The implementation of the system to synchronize the function reconfiguration is shown in this section. Especially, the proposed SNFR network protocol and its associated protocol processor is introduced.

A. Overall architecture of the reconfigurable FPGA system

A reconfigurable network on chip platform is introduced in [12]. As shown in Fig.4.(a) right, it is composed of a 10 Gbps Ethernet interface, several partial reconfigurable regions, an on chip interconnect and a SNFR protocol processor. Network flows can be forwarded from 10 Gbps Ethernet interface to reconfigurable regions to enable reconfigurable pipelined data stream processing/acceleration. To change the connection between reconfigurable regions at run time, the port map of the on chip interconnect is dynamic and can be updated through memory mapped AXI interface. The SNFR protocol processor is located between the 10 Gbps Ethernet interface and the on chip interconnect. It is able to identify the inserted SNFR packets from regular packets, buffer/release the traffic and update the port map of the interconnect according to the information of reconfiguration provided by the SNFR packets.

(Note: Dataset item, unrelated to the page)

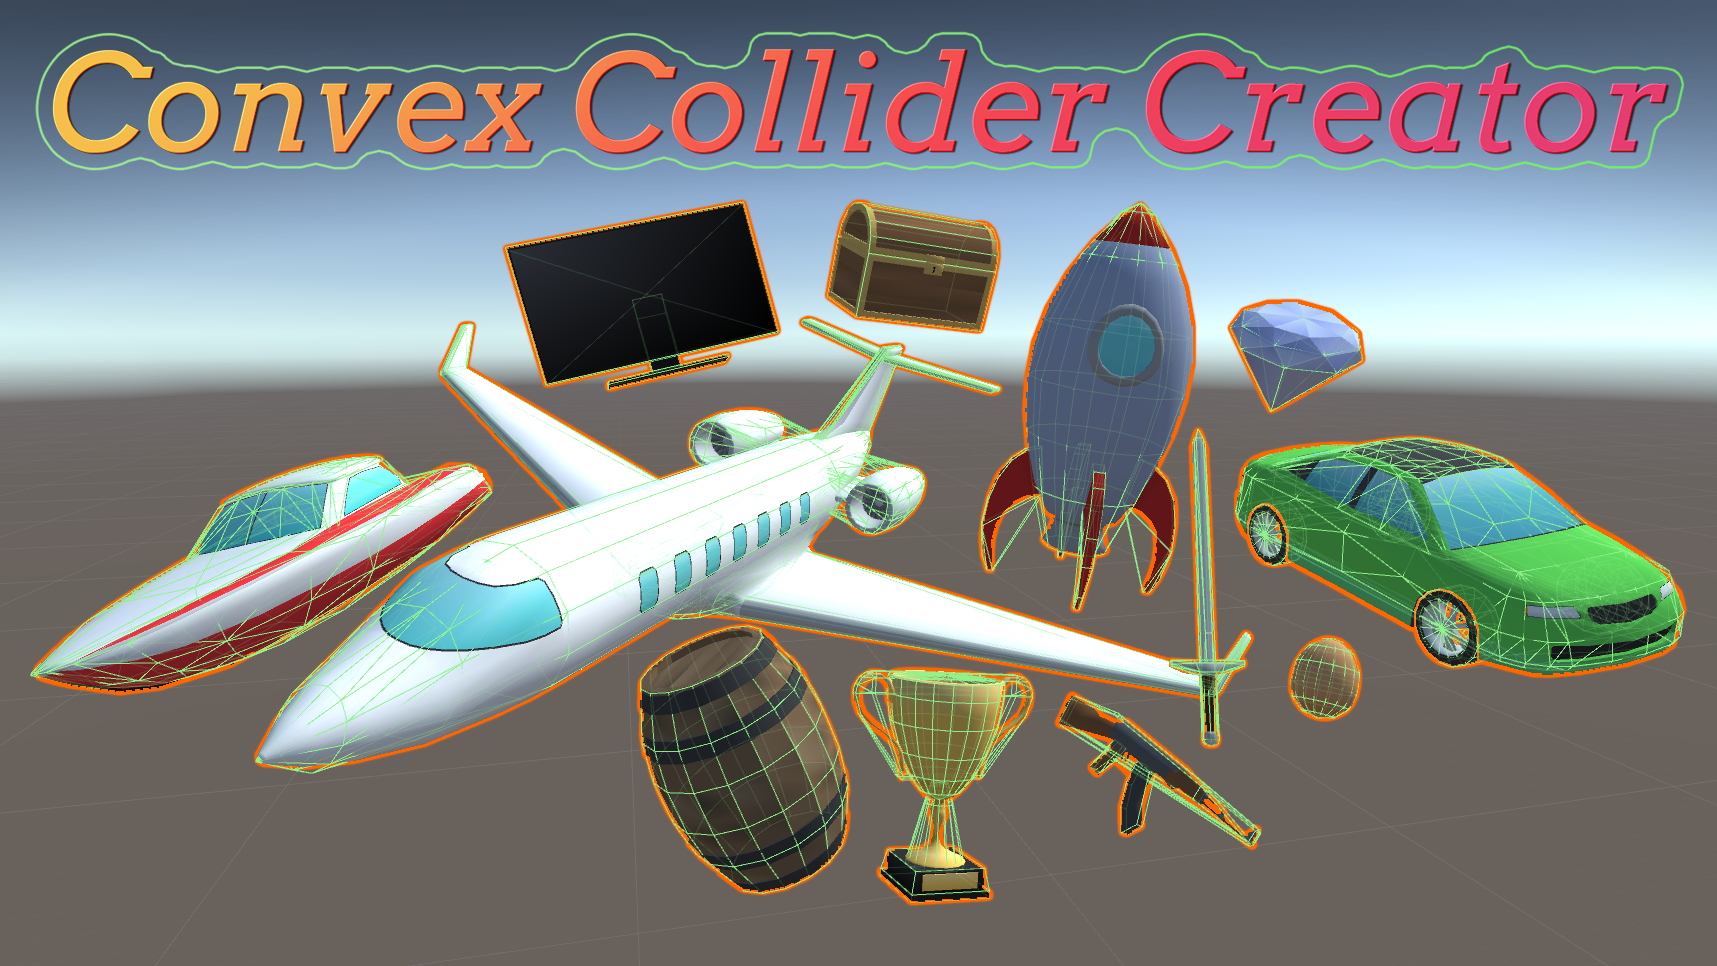 Convex Collider Creator

B. The proposed protocol for coherent function reconfiguration

The detailed architecture of the protocol processor is shown in Fig.4.(a) left. It is composed of FIFO, FIFO controller, protocol processing unit and master AXI4 interface. Data flows received from 10 Gbps Ethernet interface are sent to the FIFO directly. When the FIFO controller detects a SNFR packet, it acknowledges the FIFO to start buffering the traffic and it also acknowledges the protocol processing unit to start extracting information of reconfiguration from the SNFR packet. The address and data information are extracted from the SNFR packets by the protocol processing unit. The extracted data and address information are then transferred to the master AXI4 interface to handle the memory-mapped AXI4 handshake and update the routing table of the on chip interconnect. When the AXI4 master receives successful responds for all the transfers, the protocol processing unit notifies the FIFO controller to release the traffic.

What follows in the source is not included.